Next, the second embodiment of the present invention will be
illustrated by referring to a heat insulating piston as shown in
FIG. 14, that is, a piston having a heat insulating cellular cavity
4 in the form of a porous insert just below its head surface.
As previously described for the manufacture of the heat insulating
piston shown in FIG. 1, a piston as shown in FIG. 14 is likewise
manufactured by previously preparing a porous member 1, a
precursory member 2, and a head member 3 as shown in FIGS. 2 to 4
and combining them into an assembly as shown in FIG. 5.
The precursory member 2 is formed from a composite material wherein
a material which remains in solid state at room temperature and is
gasifiable through combustion, sublimation, evaporation or
decomposition when heated at a temperature below the melting point
of a matrix metal to be cast, for example, an aluminum alloy (to be
referred to as normally solid material, hereinafter) is combined
with a material which is stable at least at the gasifying
temperature of the normally solid material (to be referred to as
stable material, hereinafter).
The normally solid material used herein may be either an organic or
inorganic material It may be chosen by taking into account the
melting point of a particular matrix metal used and the ease of
composite integration with the stable material. Where the matrix
metal is an aluminum alloy, for example, there may be used resins
such as epoxy resins and polyimide resins and rubbers such as
silicone rubbers as the normally solid organic material and
SeO.sub.2 and SnBr.sub.4 as the normally solid inorganic material.
It will be understood that the normally solid materials used herein
are not limited to these examples.
The stable materials which form composite bodies with the normally
solid materials may be those materials which are stable at least at
the gasifying temperature of the normally solid materials. For an
actual choice, they are preferably stable at a temperature equal to
or higher than the melting point of the matrix metal. Particularly
in the case of heat insulating pistons, they are preferably stable
up to a temperature higher than the piston head temperature (about
700.degree. to 800.degree. C.) during operation. Since the stable
material eventually turns into a porous heat insulating insert, it
is desirable to use a material having a low thermal conductivity.

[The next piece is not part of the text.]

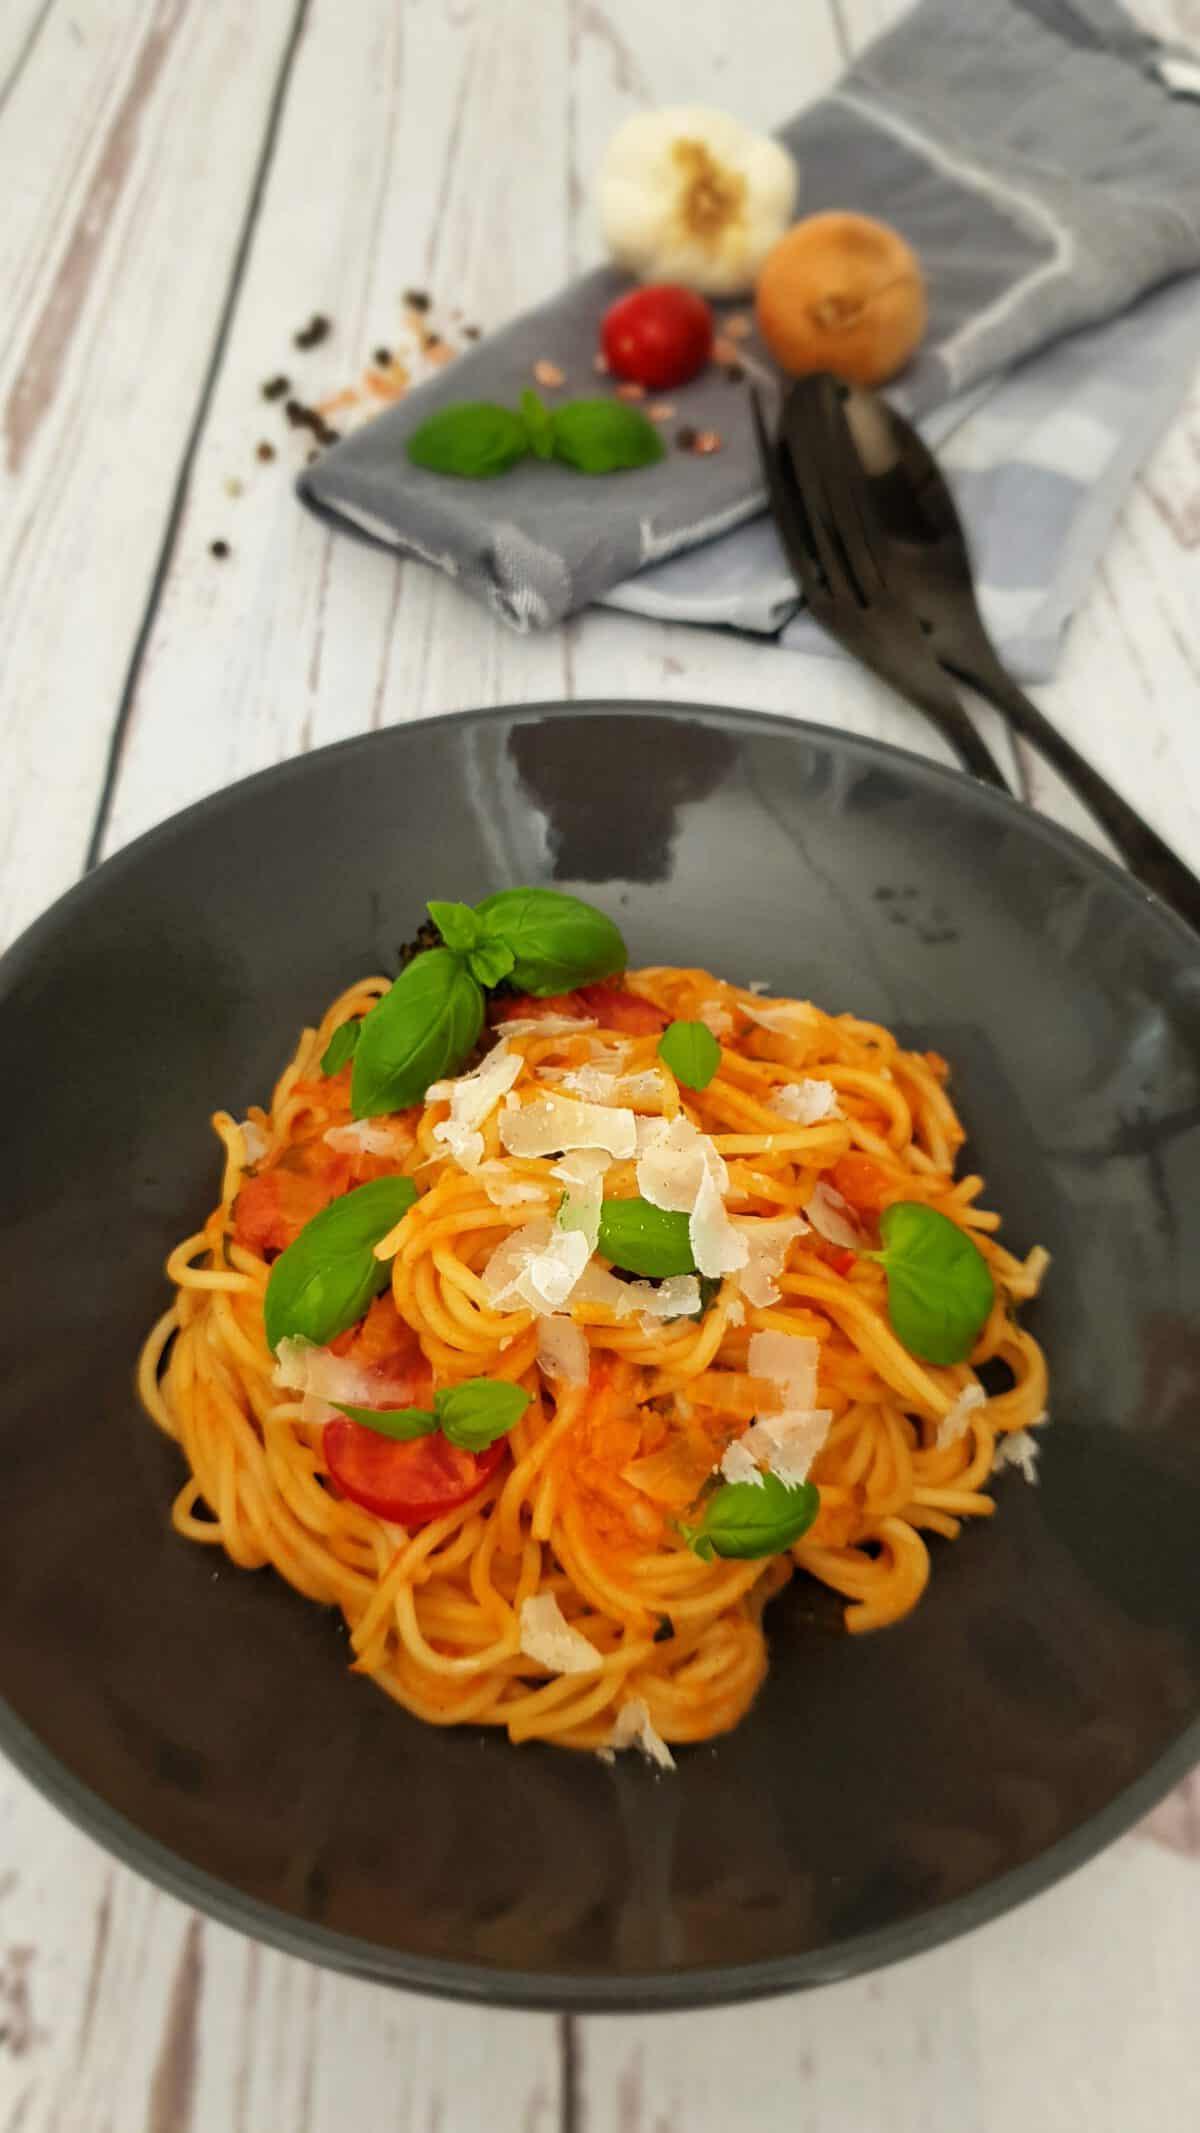 In einer braunen Schale angerichtet Dinkel Spaghetti mit Tomaten-Kokosmilch-Soße. Garniert mit Basilikum Blättern.

These considerations suggest that the preferred stable materials
are ceramic materials such as alumina, silicon nitride, and silicon
carbide, glass fibers, and metal fibers having a relatively low
thermal conductivity such as stainless steel fibers. The shape of
the stable material is only required to readily form a composite
body with the normally solid material and become a porous body
after the normally solid material is gasified and removed. Thus the
stable materials may generally take any desired shapes including
short fibers, long fibers, granules, box, and chips as well as
cellular form. The stable materials may be used alone or in
admixture of two or more.
The precursory member 2 comprising the normally solid material
integrated with the stable material into a composite body is
configured in a shape intended for the finally left porous heat
insulating region 4, for example, a disk shape. Any well known
methods may be utilized to produce the precursory member 2 by
integrating and shaping the normally solid material such as a resin
with the stable material such as ceramic fibers into a composite
body.
The porous member 1 and the head member 3 may be made of the same
materials as previously described.
These members are combined into an assembly as shown in FIG. 5. The
assembly is set in place in a mold 5 as shown in FIG. 6. A molten
matrix metal, for example, molten aluminum alloy is the cast into
the mold cavity. At this point of time, the molten matrix metal
does not make a direct access to the precursory member 2 of
composite material, and thus the normally solid material in the
precursory member 2 has not been gasified through combustion,
sublimation, evaporation or decomposition.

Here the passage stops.